Bug 38457 - [Qt] Enable passing Sputnik tests
Summary: [Qt] Enable passing Sputnik tests
Status: RESOLVED FIXED
Alias: None
Product: WebKit
Classification: Unclassified
Component: Tools / Tests (show other bugs)
Version: 528+ (Nightly build)
Hardware: All All
: P3 Normal
Assignee: QtWebKit Unassigned
URL:
Keywords: Qt
Depends on:
Blocks:
 
Reported: 2010-05-03 05:56 PDT by Csaba Osztrogonác
Modified: 2010-05-06 08:50 PDT (History)
5 users (show)

See Also:


Attachments
enable tests (3.21 KB, patch)
2010-05-03 05:56 PDT, Csaba Osztrogonác
ap: review+
Details | Formatted Diff | Diff

Note You need to log in before you can comment on or make changes to this bug.
Description Csaba Osztrogonác 2010-05-03 05:56:14 PDT
Sputnik test cases landed 4 days before: (~5000 tests)
https://bugs.webkit.org/show_bug.cgi?id=38296

I tested them on Qt bot, they are sufficiently 
stable, most of them pass, only ~50 tests fail.

Runtime of LayoutTests would be increased by ~40 sec on the bot.
(Now the runtime is ~240 sec.)
Comment 1 Csaba Osztrogonác 2010-05-03 05:56:47 PDT
Created attachment 54919 [details]
enable tests
Comment 2 Alexey Proskuryakov 2010-05-03 08:15:56 PDT
Comment on attachment 54919 [details]
enable tests

rs=me

+# Failing Sputnik tests

You could also consider landing platform specific results. Of course, these aren't all the tests that fail, we have many expected cross-platform failures checked in.
Comment 3 Csaba Osztrogonác 2010-05-05 23:18:24 PDT
(In reply to comment #2)
> (From update of attachment 54919 [details])
> rs=me
Thx, landed: http://trac.webkit.org/changeset/58863
 
> You could also consider landing platform specific results. Of course, these
> aren't all the tests that fail, we have many expected cross-platform failures
> checked in.

In general we don't land Qt specific expected results for failures,
we prefer putting these tests into the skipped list and file a bug.

I know disabling a complex test can be worse than check in couple of failures  (eg. FAIL instead of PASS) into the expected file. But I don't see now how can we maintain which expected file is absolutely correct and which consists failures. We will think how can we do it. 

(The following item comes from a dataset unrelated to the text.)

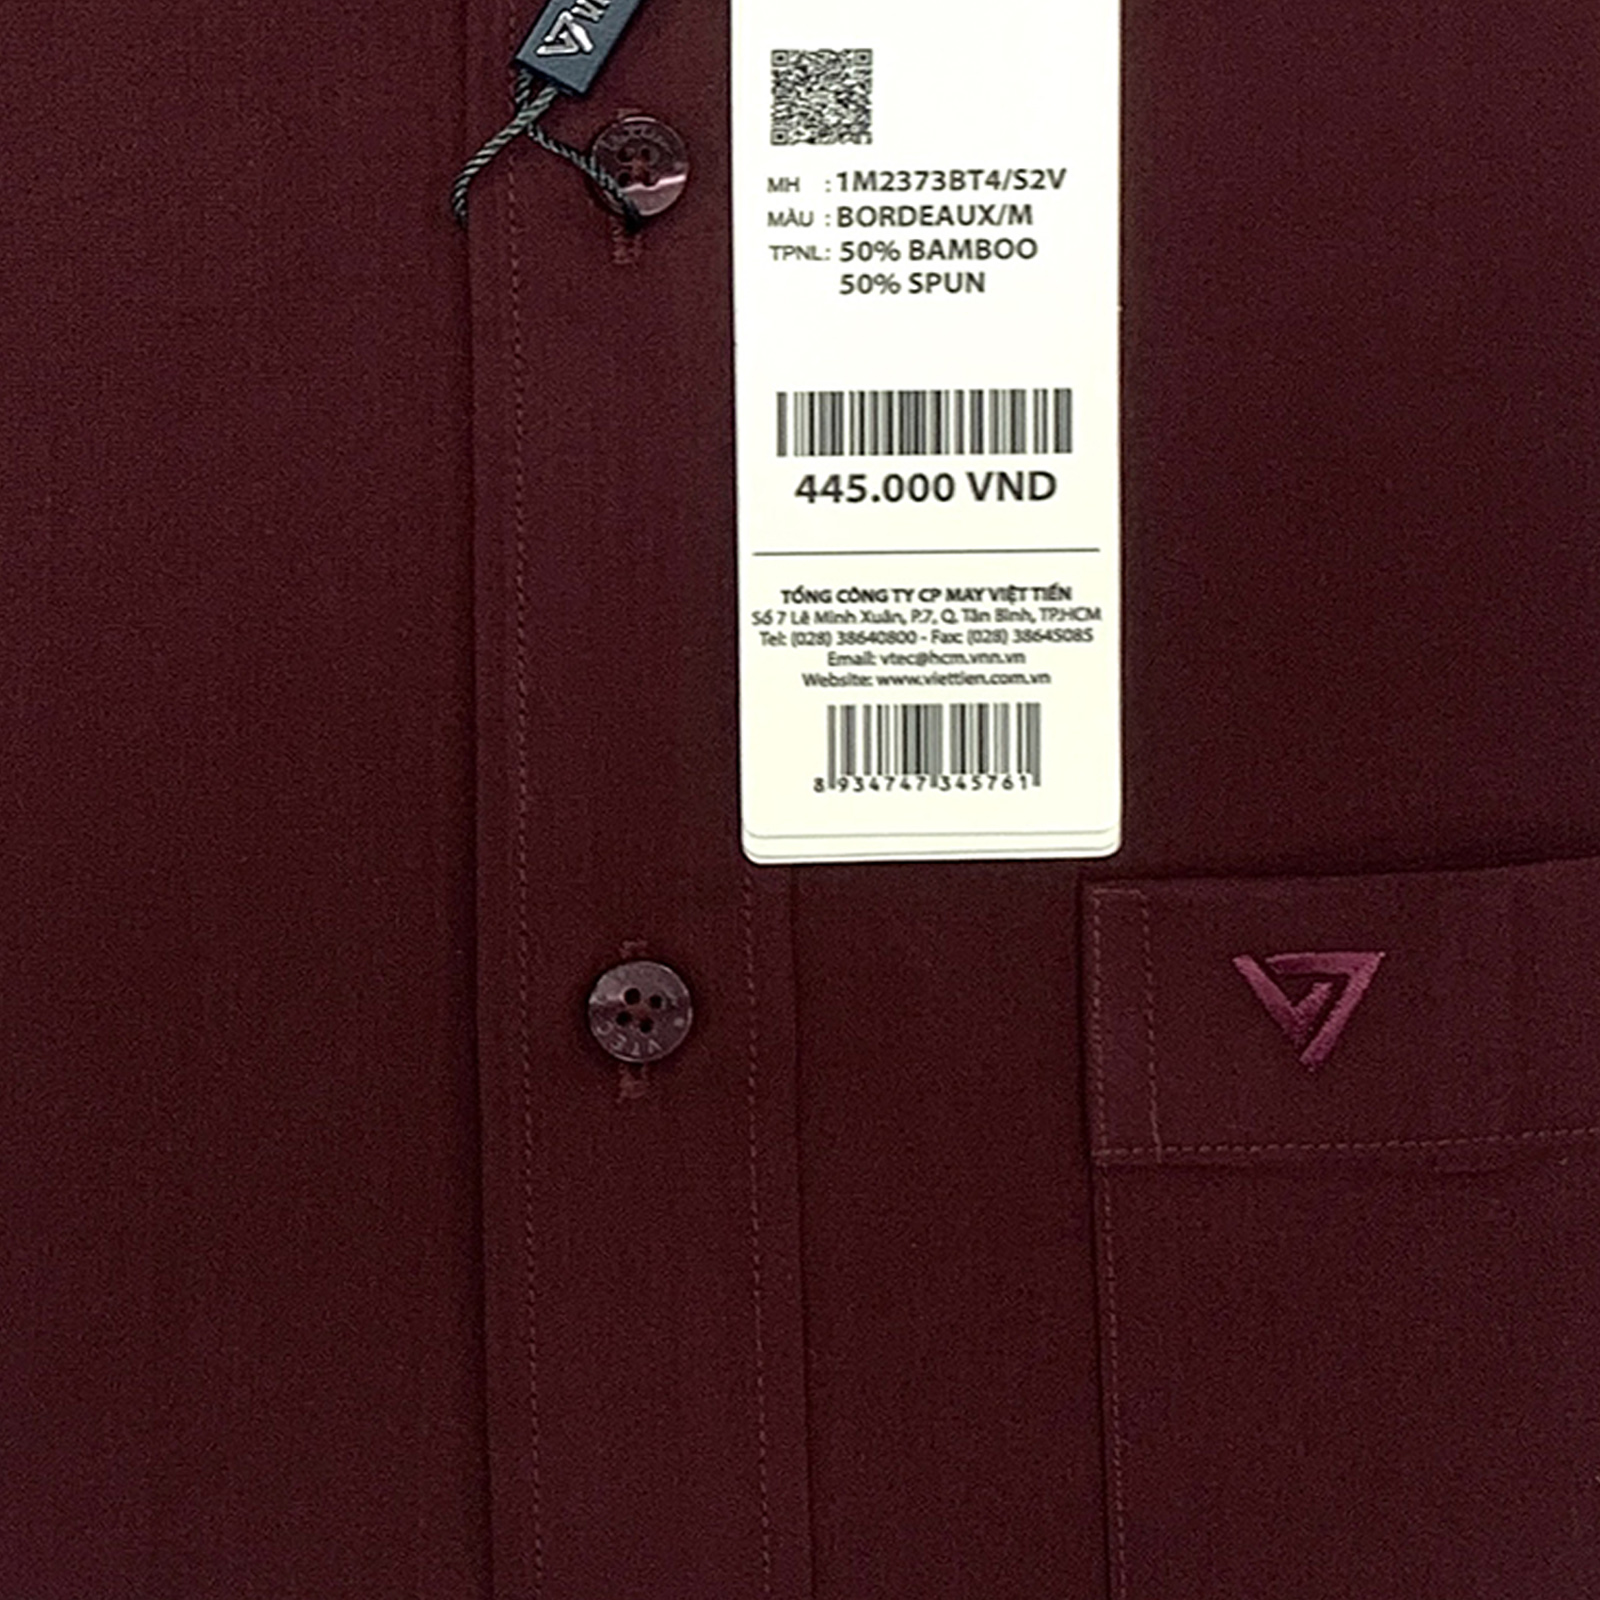 Viettien - Áo sơ mi nam ngắn tay vạt bầu màu đô 1M2373 regular

I cc-ed Simon, Tor Arne, Kenneth and András too. Guys, I think we 
should discuss check-in or not check-in failures policy sometime somewhere.
Comment 4 Andras Becsi 2010-05-06 03:16:58 PDT
If I am correct these tests are dumpAsText() tests, so my opinion is that we could check in results for tests which have any PASS hunks in the output. If someone fixes some issues he or she could easily decide if the resulting test failure is due to wrong expected results or some regression.
In general I think this kind of policy would be a step forward, but I am categorically against checking in wrong DRT tree dumps, because to decide afterwards if the dump is correct or not is really hard.
 
(In reply to comment #3)
> (In reply to comment #2)
> > (From update of attachment 54919 [details] [details])
> > rs=me
> Thx, landed: http://trac.webkit.org/changeset/58863
> 
> > You could also consider landing platform specific results. Of course, these
> > aren't all the tests that fail, we have many expected cross-platform failures
> > checked in.
> 
> In general we don't land Qt specific expected results for failures,
> we prefer putting these tests into the skipped list and file a bug.
> 
> I know disabling a complex test can be worse than check in couple of failures 
> (eg. FAIL instead of PASS) into the expected file. But I don't see now how can
> we maintain which expected file is absolutely correct and which consists
> failures. We will think how can we do it. 
> 
> I cc-ed Simon, Tor Arne, Kenneth and András too. Guys, I think we 
> should discuss check-in or not check-in failures policy sometime somewhere.
Comment 5 Tor Arne Vestbø 2010-05-06 03:29:10 PDT
(In reply to comment #4)
> If I am correct these tests are dumpAsText() tests, so my opinion is that we
> could check in results for tests which have any PASS hunks in the output. If
> someone fixes some issues he or she could easily decide if the resulting test
> failure is due to wrong expected results or some regression.
> In general I think this kind of policy would be a step forward, but I am
> categorically against checking in wrong DRT tree dumps, because to decide
> afterwards if the dump is correct or not is really hard.

I agree, for dumpAsText it makes sense. For render tree output we prefer to skip tests for now.
Comment 6 Alexey Proskuryakov 2010-05-06 08:50:30 PDT
Sputnik tests are weird - they silently run subtests until the first failure, at which time they bail out and print an error message. Only if there were no (unexpected) errors during the run, PASS is printed.